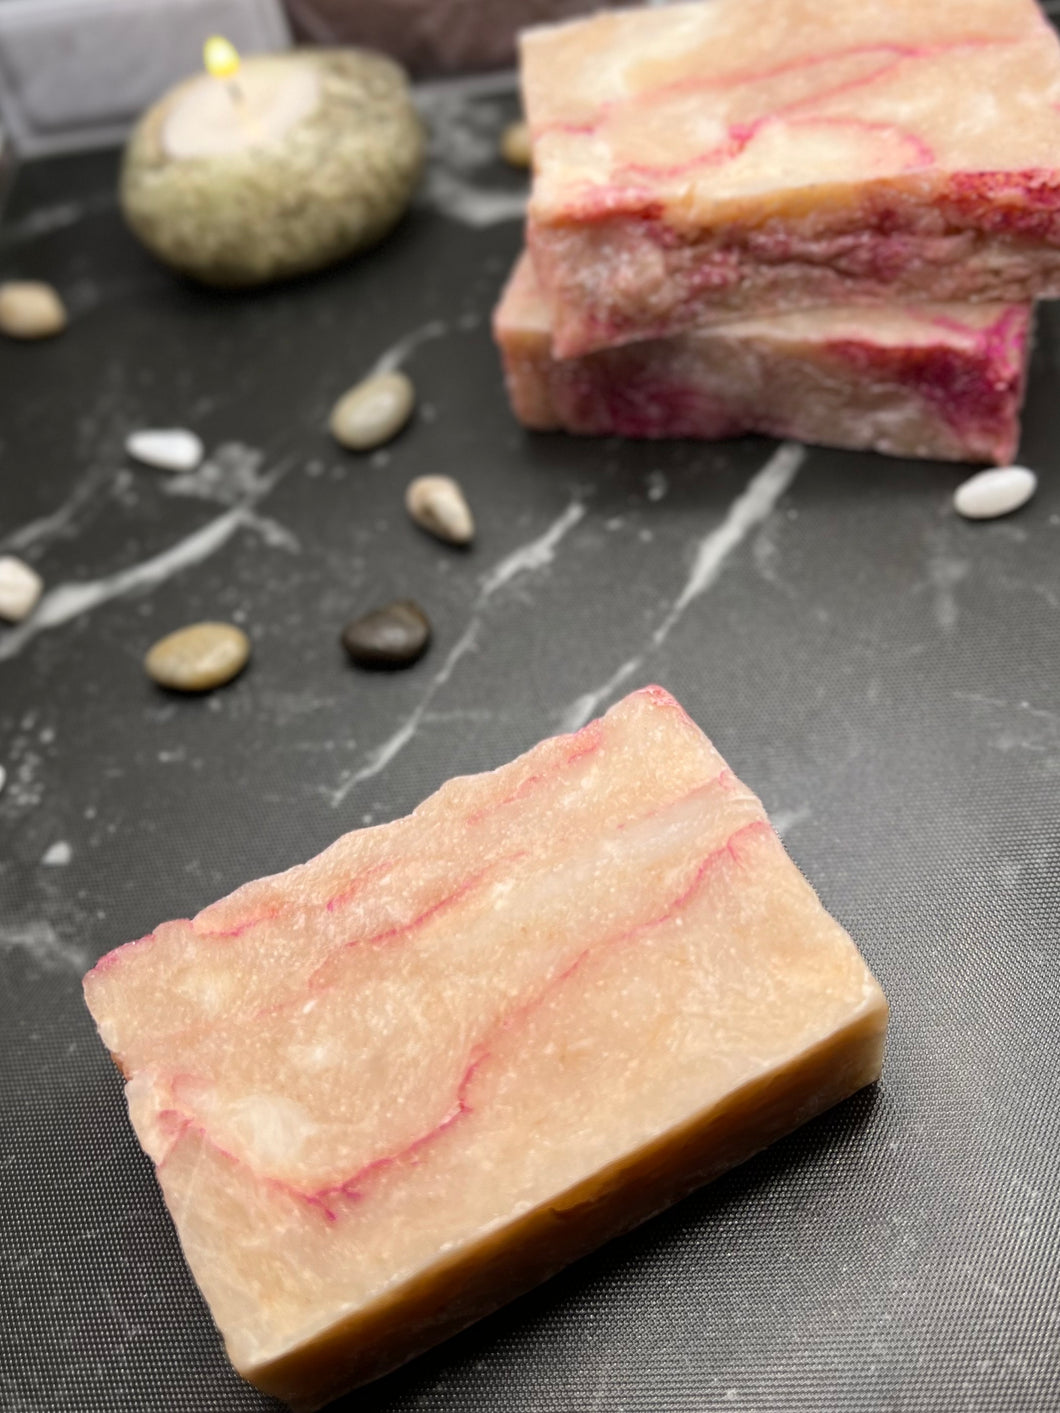 Cherry Almond Oatmeal - Artisan Soap
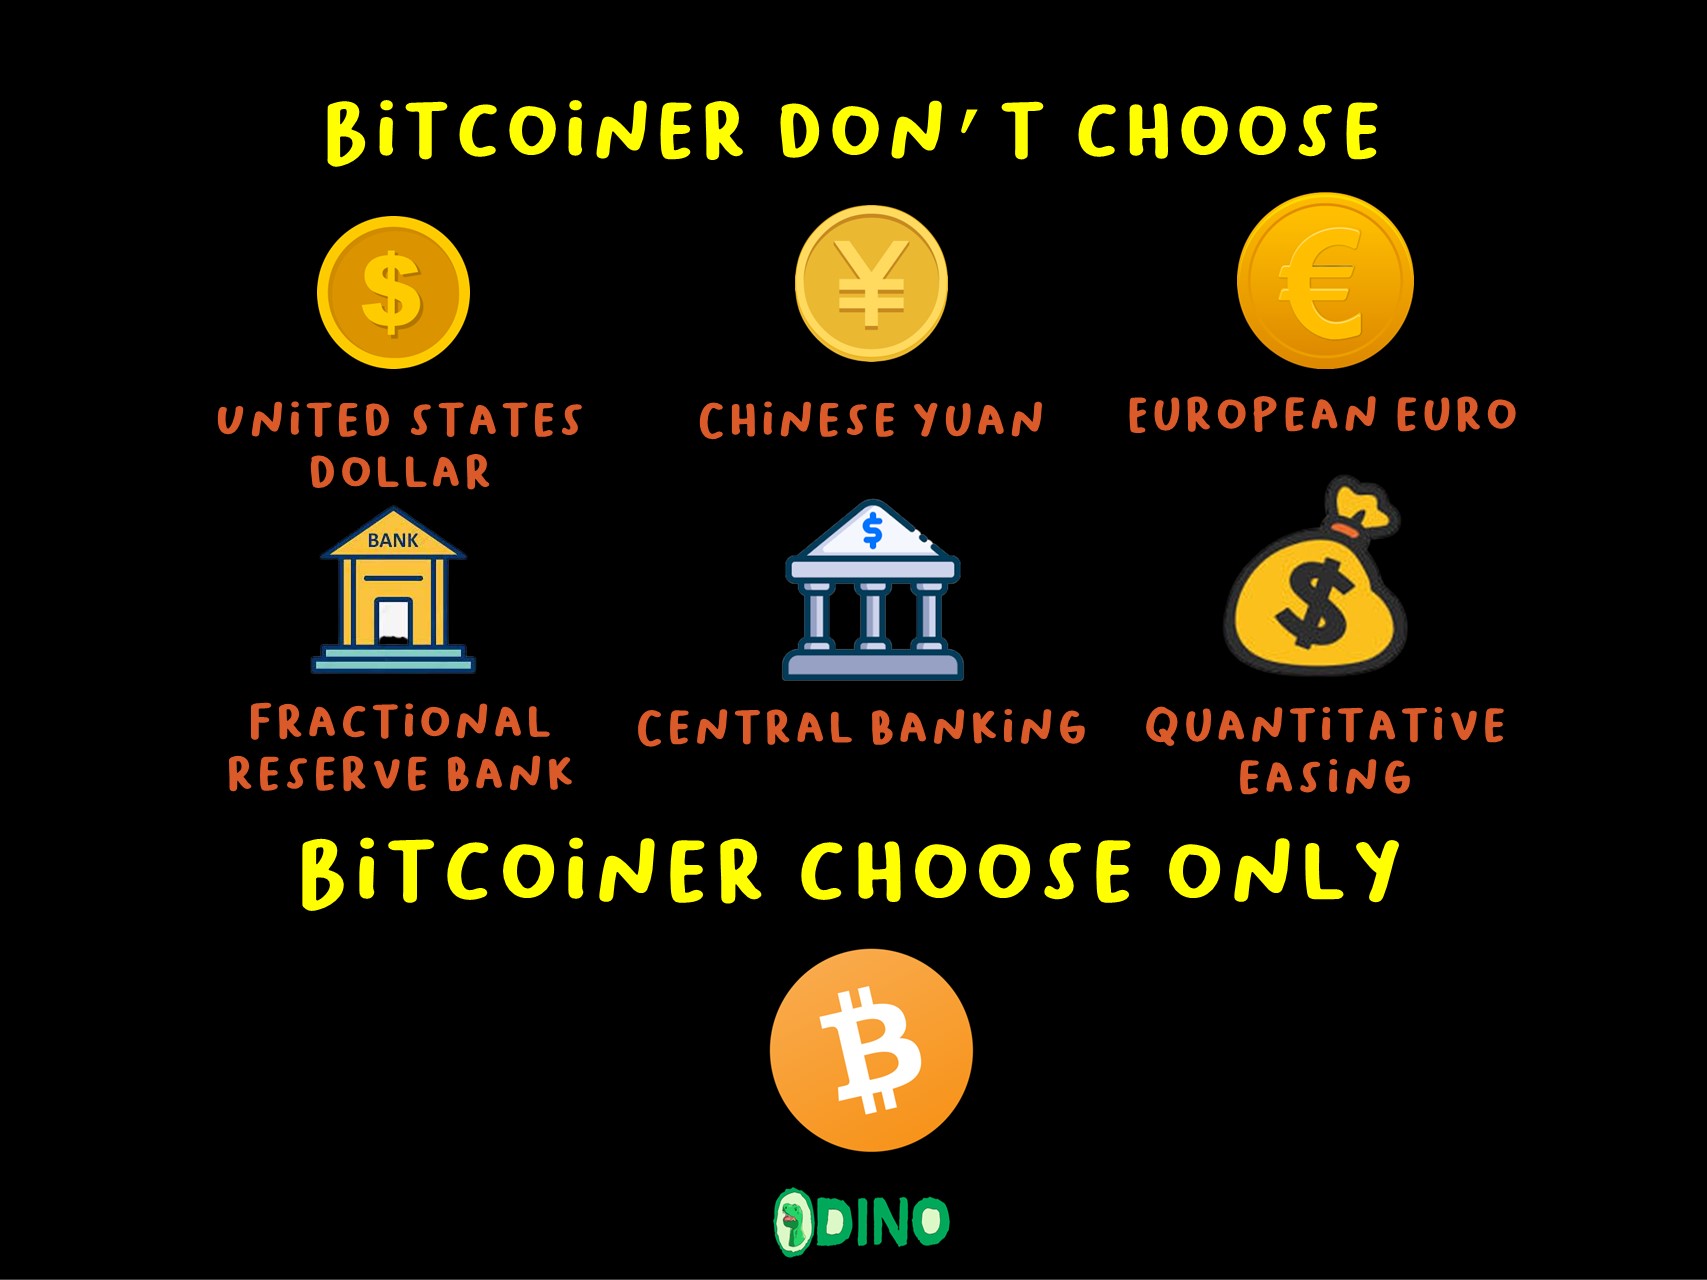 Bitcoiner Don’t Choose
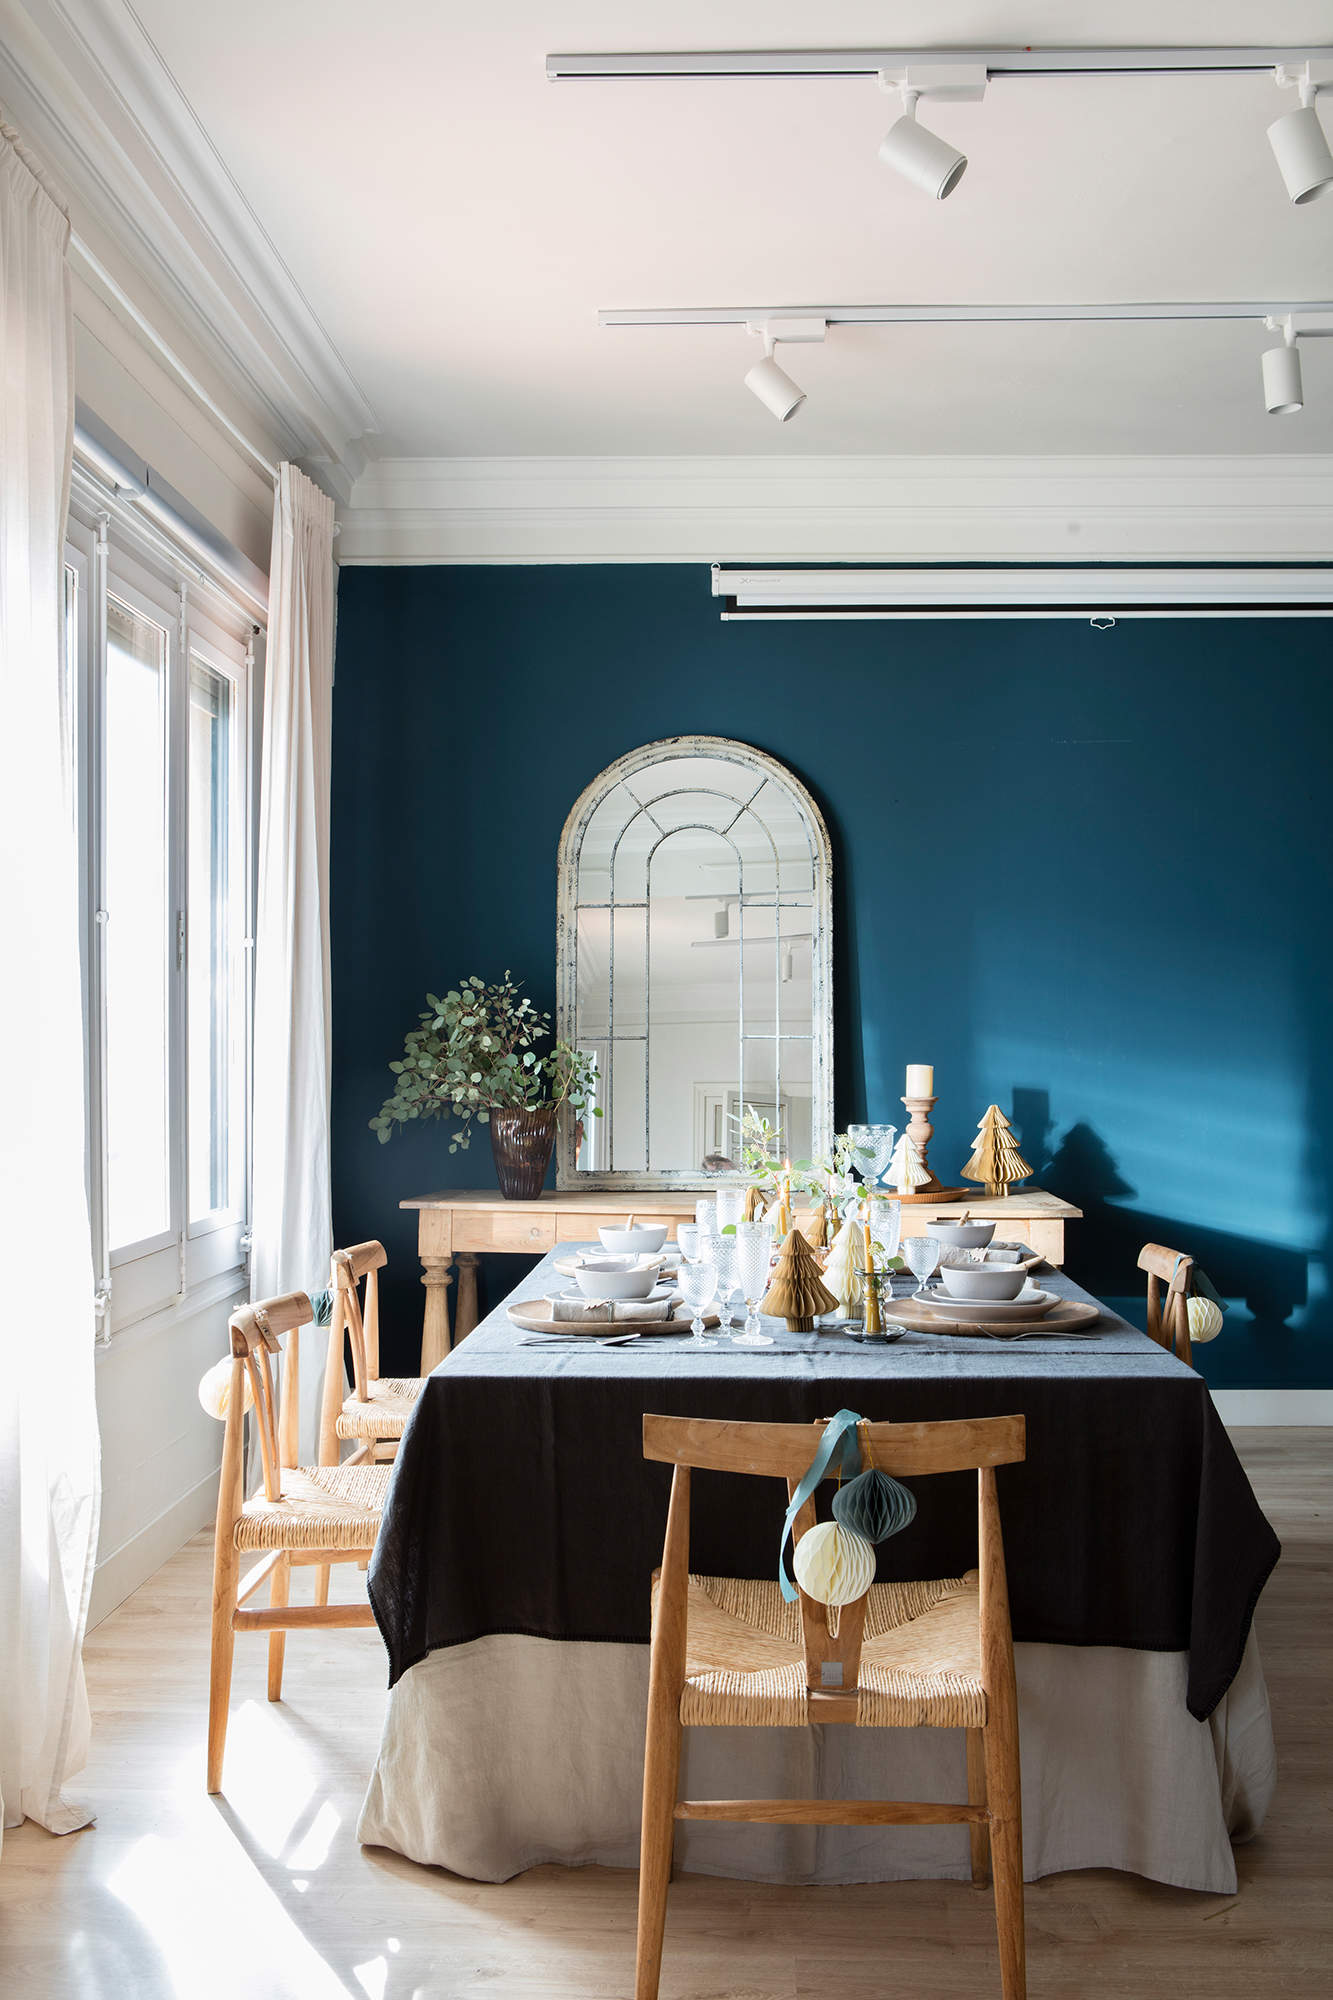 Comedor con pared pintada en azul y decoración navideña.

### Instructions to follow
Could you transcribe the material above exactly, keeping every picture out?

### Exercise answer
 Cherry Almond Oatmeal - Artisan Soap
 Bitcoiner Don’t Choose
 Comedor con pared pintada en azul y decoración navideña.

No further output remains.